ACIAR has brought together Australian and Indonesian research and extension agencies, and the cocoa buyer Mars Incorporated, in a strong partnership with smallholder cocoa growers to encourage replanting with improved varieties and better crop management.
Professor Sixtus Gusli of Hassanuddin University, Makassar, South Sulawesi, says that in the research area in particular, collaboration with international institutions such as ACIAR is strengthening Indonesian institutions.
“Cocoa is a good example where we can demonstrate the need for collaboration, between Indonesian institutions and Australian institutions, between farmers and the traders, the exporters, and the industry in general," he says.
Partner Mars Incorporated, which is making a significant financial and in-kind contribution to the cocoa program, has a long-term commitment to improving the environmental, economic and social sustainability of the cocoa industry in Sulawesi.
Noel Janetski, President Director of Mars Symbioscience Indonesia, says cocoa production has the potential to continue making a substantial difference to the economic and social circumstances that face smallholder farmers in Sulawesi and eastern Indonesia generally, but considerable technical intervention and social awareness are needed to overcome the production constraints that have built up.
Mr Janetski says the complexity of the challenge means the only way forward is by working in partnership with others, so a spread of resources and expertise can be leveraged.
“When we start working with ACIAR in developing or adapting technologies, it provides a catalyst for others to start partnering to transfer those technologies and to involve farmers in the decision. It is laying down much stronger foundations for sustainable change, for the creation of a new, sustainable farming system.”
Dr Sahardi Mulia, head of BPTP South Sulawesi, the institutional link between research and grower adoption, says the ACIAR–Mars collaboration has been crucial in demonstrating to farmers the connection between improved cultivation and access to higher-value markets.
He says this has given much more impetus to resolving problems, such as the susceptibility of existing trees to cocoa pod borer, vascular-streak dieback (VSD) and pod rot disease.
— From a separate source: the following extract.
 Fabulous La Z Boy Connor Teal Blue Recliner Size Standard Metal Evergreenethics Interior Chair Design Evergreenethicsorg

In particular he says the supply of new pest and disease-resistant genotypes and integrated management is reviving farmer confidence in cocoa.
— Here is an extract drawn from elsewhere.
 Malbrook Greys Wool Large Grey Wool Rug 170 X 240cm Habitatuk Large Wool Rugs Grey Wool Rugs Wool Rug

He says knowledge of management practices, such as pruning and fertilising, plus the prospect of new pest and disease-resistant varieties, has shown farmers that, not only can they maintain their production, but improve it.
Cocoa farmer and head of a farmer group in the Luwu Utara district, Mr Pesianus Lesnusa, says the level of collaboration between the Indonesian agencies, Mars and ACIAR has given farmers in his area new confidence in their future.